Cependant, HHS s’attend à ce que 383 000 personnes non assurées aient des revenus trop élevés pour être éligibles à Medicaid, mais trop bas pour être éligibles aux crédits d’impôt du marché.

Une chose dont Rosenbaum et d’autres s’inquiètent est l’impact que la perte d’assurance aura sur les personnes qui reçoivent des soins de spécialistes, comme celles qui souffrent de maladies chroniques comme le diabète, les maladies cardiaques ou la dépression.

« Si vous avez de la chance et que votre principale source de soins se trouve dans un centre de santé communautaire, vous pouvez continuer à y obtenir des soins primaires », a-t-elle déclaré, « mais si vous avez des conditions qui nécessitent un spécialiste, vous n’aurez peut-être pas de chance. « 

Les personnes qui perdent leur assurance peuvent également être incapables de payer les soins de la vue ou les soins dentaires ou les frais de médicaments sur ordonnance.

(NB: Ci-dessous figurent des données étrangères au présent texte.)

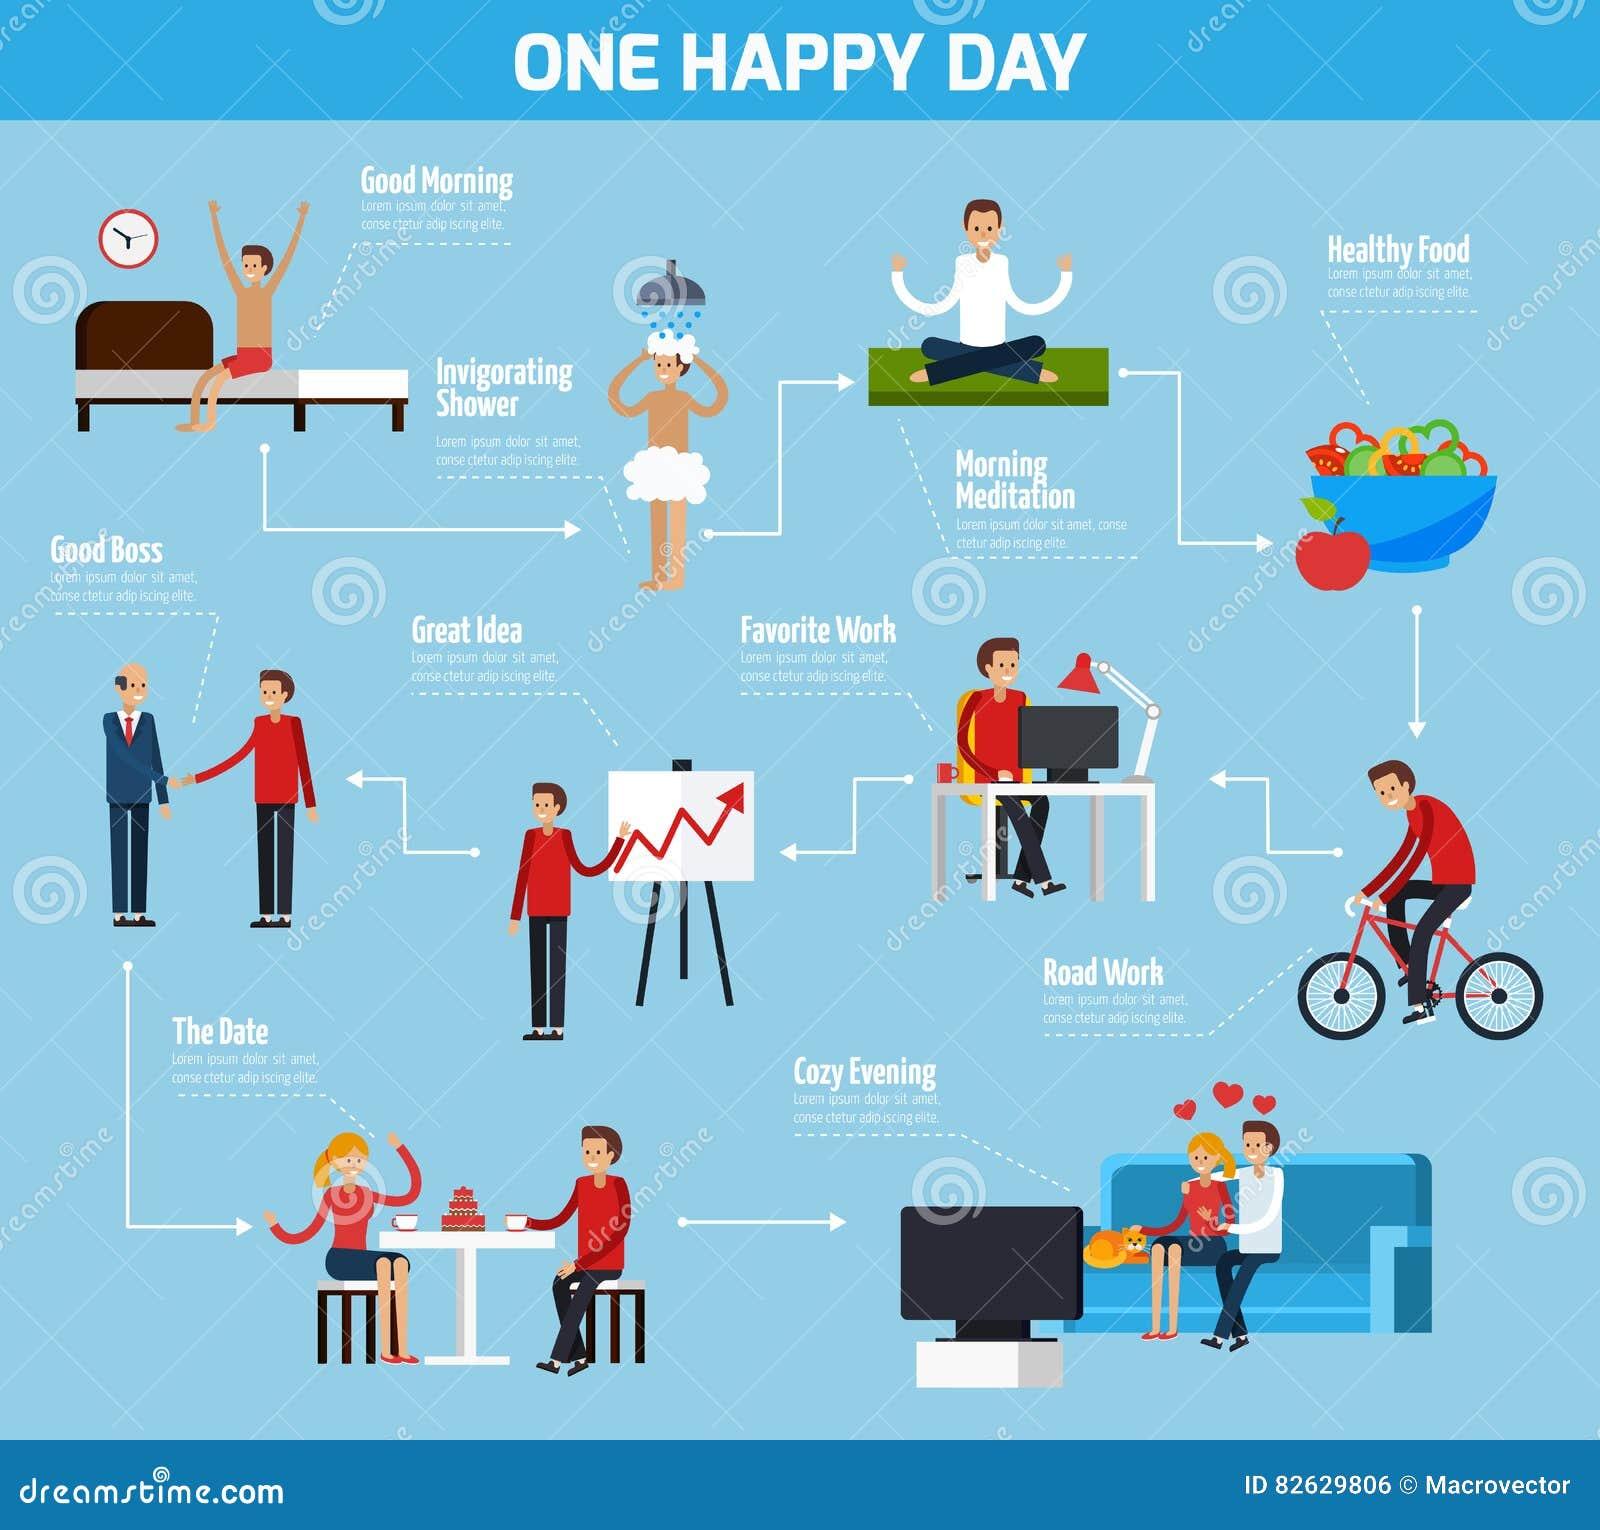 One Happy Day Flowchart

L’un des avantages de l’inscription continue, a déclaré Craig, est que beaucoup ont pu développer des relations avec des fournisseurs de soins primaires et recevoir des soins réguliers au cours des trois dernières années.

« Alors, que se passe-t-il lorsque vous perdez votre assurance et la relation que vous entretenez avec votre fournisseur de soins primaires? », a-t-il déclaré. « Cela ne détruit pas seulement votre santé, cela détruit votre sentiment d’appartenance et de sécurité – comme ne pas avoir à vous soucier de faire faillite si vous avez besoin de soins. »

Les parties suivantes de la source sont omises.